Pinkas Gadi, Karny Yarden, Malachi Aviad, Barkai Galia, Bachar Gideon, Aharonson Vered
Afeka Center of Language Processing, AfekaTel Aviv Academic College of Engineering Tel Aviv-Yafo 6910717 Israel.
Pediatric Infectious Diseases Unit, Safra Children's Hospital, Sheba Medical Center and Sackler School of MedicineTel-Aviv University Tel Aviv-Yafo 69978 Israel.
IEEE Open J Eng Med Biol. 2020 Sep 24;1:268-274. doi: 10.1109/OJEMB.2020.3026468. eCollection 2020.

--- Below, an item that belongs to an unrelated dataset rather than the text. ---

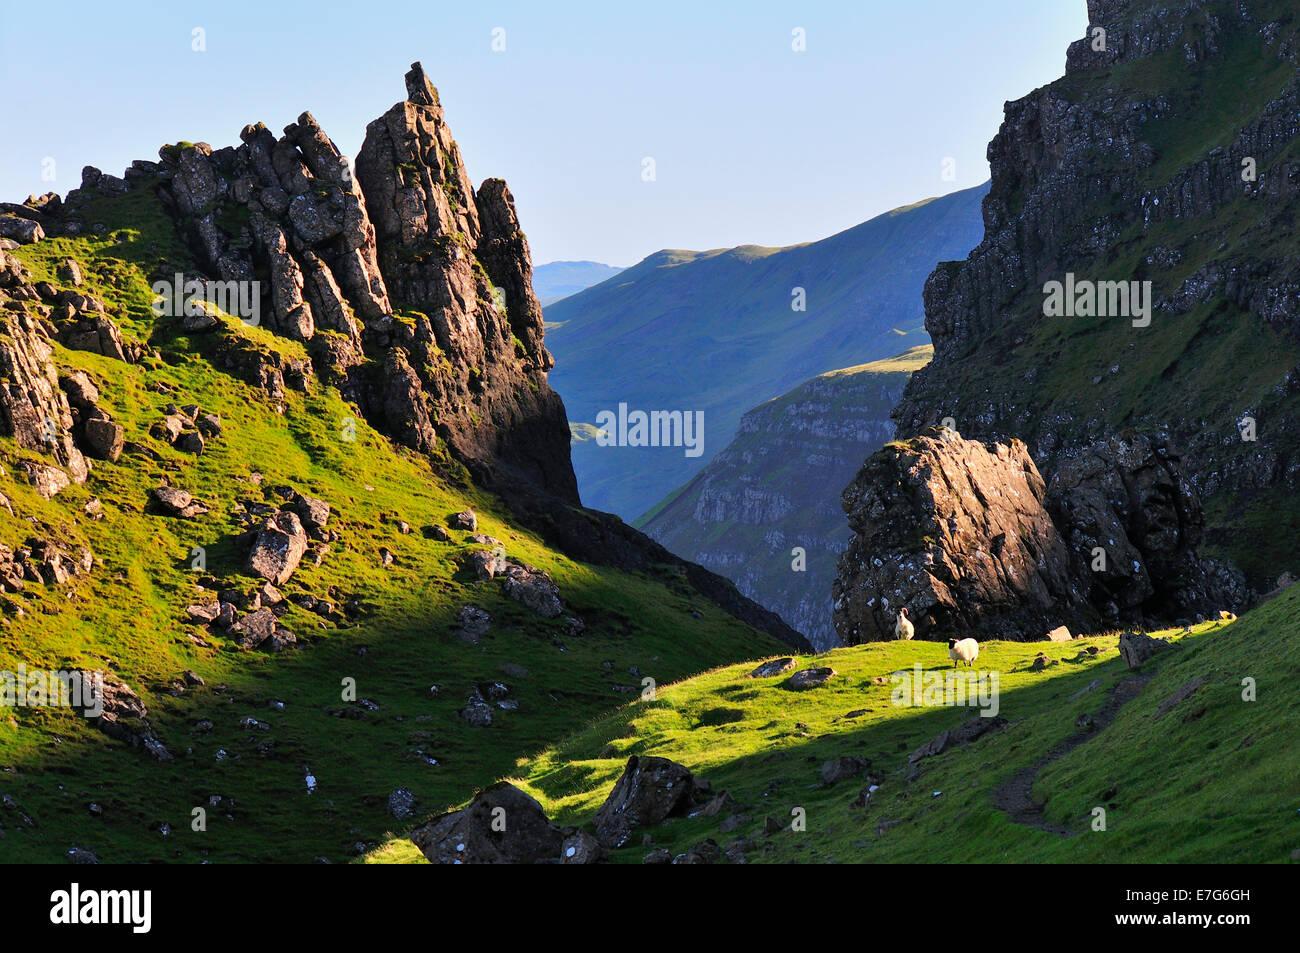 Rock formation on The Storr, Trotternish Peninsula, Ross, Skye and Lochaber, Isle of Skye, Scotland, United Kingdom - Stock Image

Automated voice-based detection of severe acute respiratory syndrome coronavirus 2 (SARS-CoV-2) could facilitate the screening for COVID19. A dataset of cellular phone recordings from 88 subjects was recently collected. The dataset included vocal utterances, speech and coughs that were self-recorded by the subjects in either hospitals or isolation sites. All subjects underwent nasopharyngeal swabbing at the time of recording and were labelled as SARS-CoV-2 positives or negative controls. The present study harnessed deep machine learning and speech processing to detect the SARS-CoV-2 positives. A three-stage architecture was implemented. A self-supervised attention-based transformer generated embeddings from the audio inputs. Recurrent neural networks were used to produce specialized sub-models for the SARS-CoV-2 classification. An ensemble stacking fused the predictions of the sub-models. Pre-training, bootstrapping and regularization techniques were used to prevent overfitting. A recall of 78% and a probability of false alarm (PFA) of 41% were measured on a test set of 57 recording sessions. A leave-one-speaker-out cross validation on 292 recording sessions yielded a recall of 78% and a PFA of 30%. These preliminary results imply a feasibility for COVID19 screening using voice.
基于自动语音的严重急性呼吸综合征冠状病毒2(SARS-CoV-2)检测有助于新冠病毒病(COVID-19)的筛查。最近收集了一个包含88名受试者手机录音的数据集。该数据集包括受试者在医院或隔离地点自行录制的发声、语音和咳嗽声。所有受试者在录音时均接受了鼻咽拭子检测,并被标记为SARS-CoV-2阳性或阴性对照。本研究利用深度机器学习和语音处理来检测SARS-CoV-2阳性。实施了一个三阶段架构。一个基于自监督注意力的变换器从音频输入中生成嵌入。循环神经网络用于生成用于SARS-CoV-2分类的专门子模型。一个集成堆叠融合了子模型的预测。使用预训练、自助法和正则化技术来防止过拟合。在一个包含57个录音会话的测试集上,召回率为78%,误报概率(PFA)为41%。在292个录音会话上进行的留一说话者交叉验证产生了78%的召回率和30%的PFA。这些初步结果表明使用语音进行COVID-19筛查具有可行性。